--- Supplied data ---
━━━
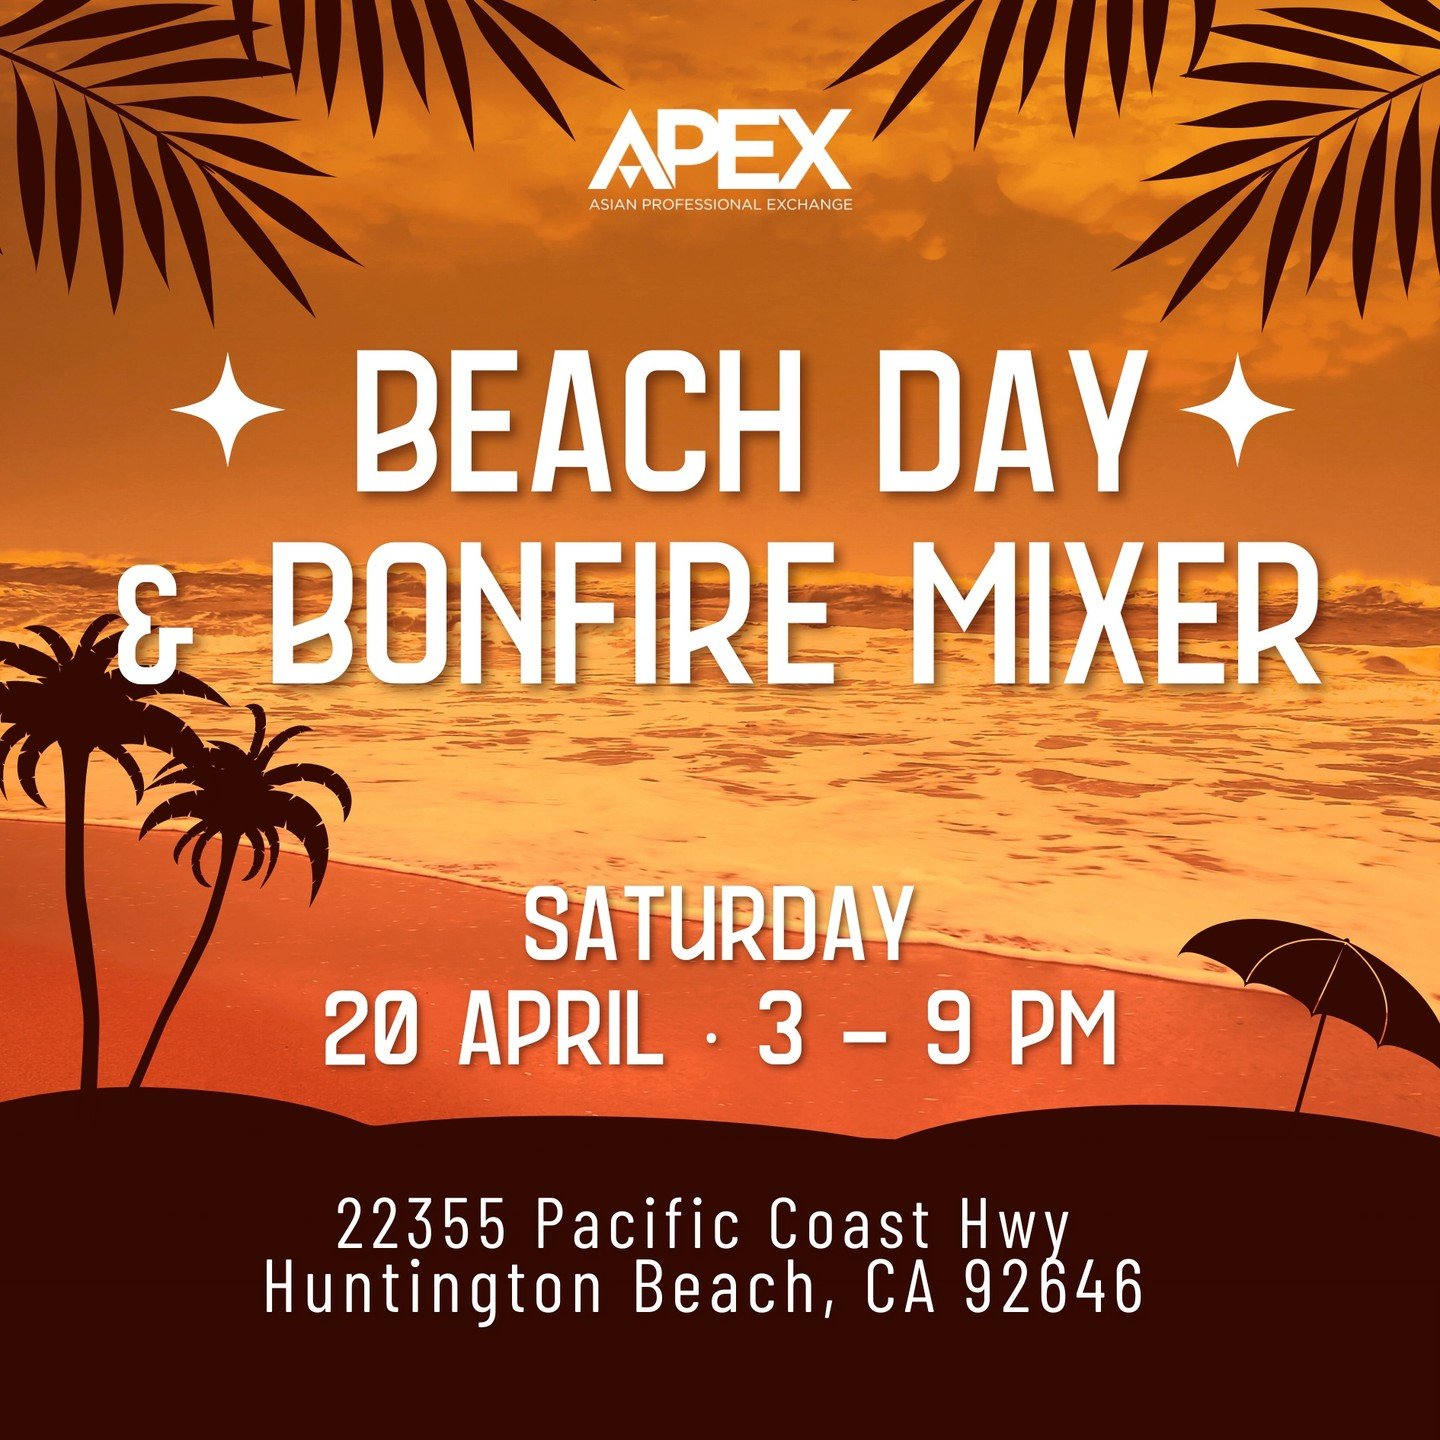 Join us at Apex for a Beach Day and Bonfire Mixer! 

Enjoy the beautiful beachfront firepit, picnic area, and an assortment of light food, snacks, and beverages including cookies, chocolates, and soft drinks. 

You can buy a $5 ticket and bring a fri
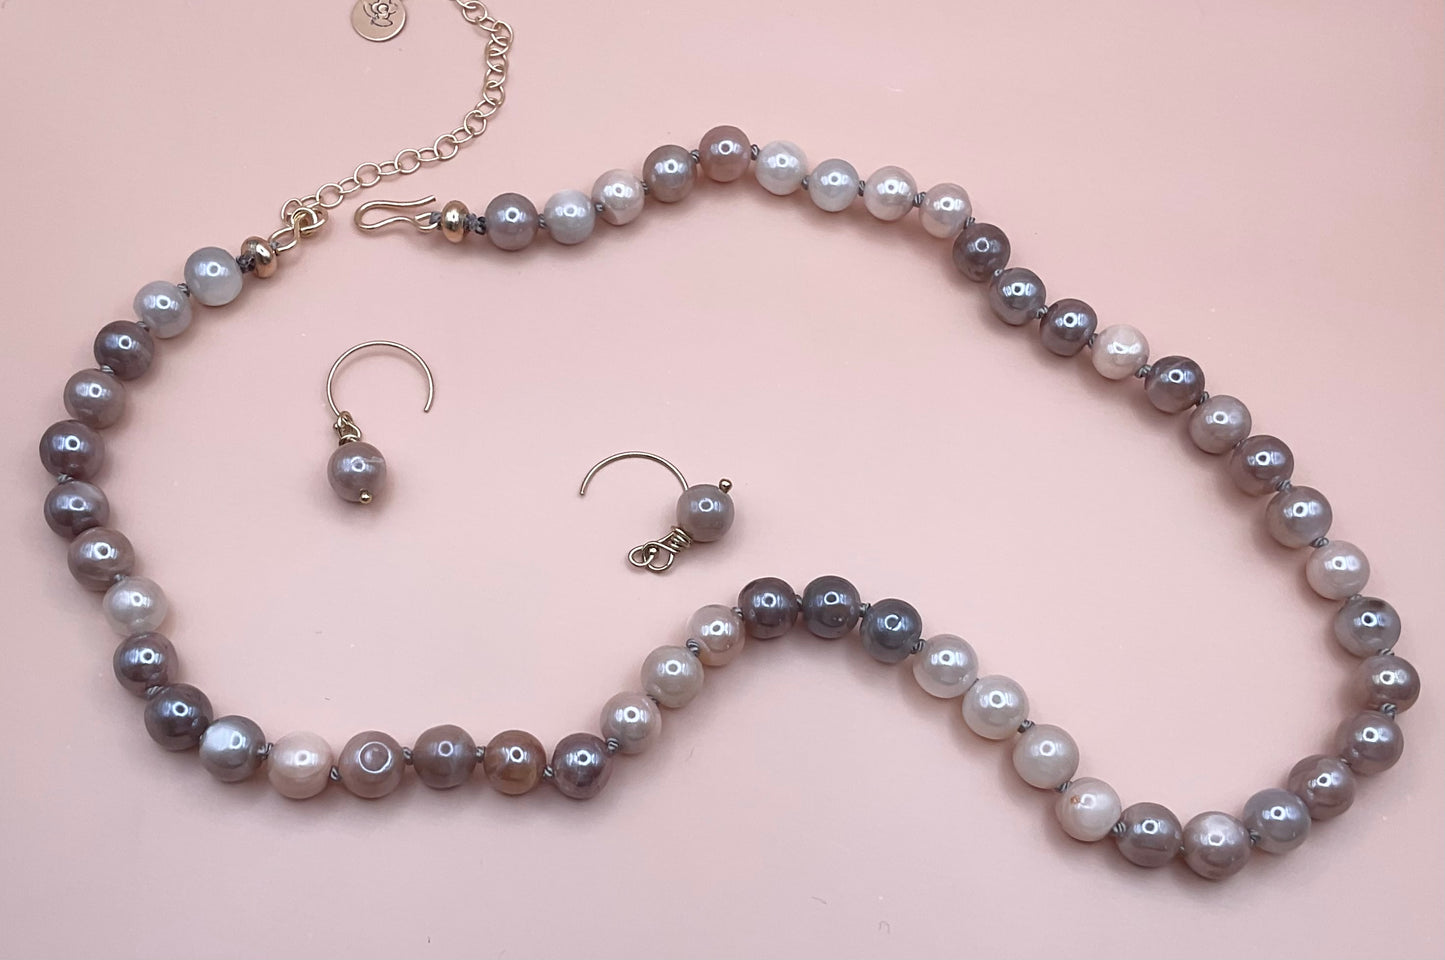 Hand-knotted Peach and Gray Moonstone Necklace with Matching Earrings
━━━
--- Exercise prompt ---
Up to and including the last line of the listing, starting at the line with "Enjoy the beautiful", extract every line exactly and leave out the pictures.

--- Output below ---
Enjoy the beautiful beachfront firepit, picnic area, and an assortment of light food, snacks, and beverages including cookies, chocolates, and soft drinks. 

You can buy a $5 ticket and bring a fri
 Hand-knotted Peach and Gray Moonstone Necklace with Matching Earrings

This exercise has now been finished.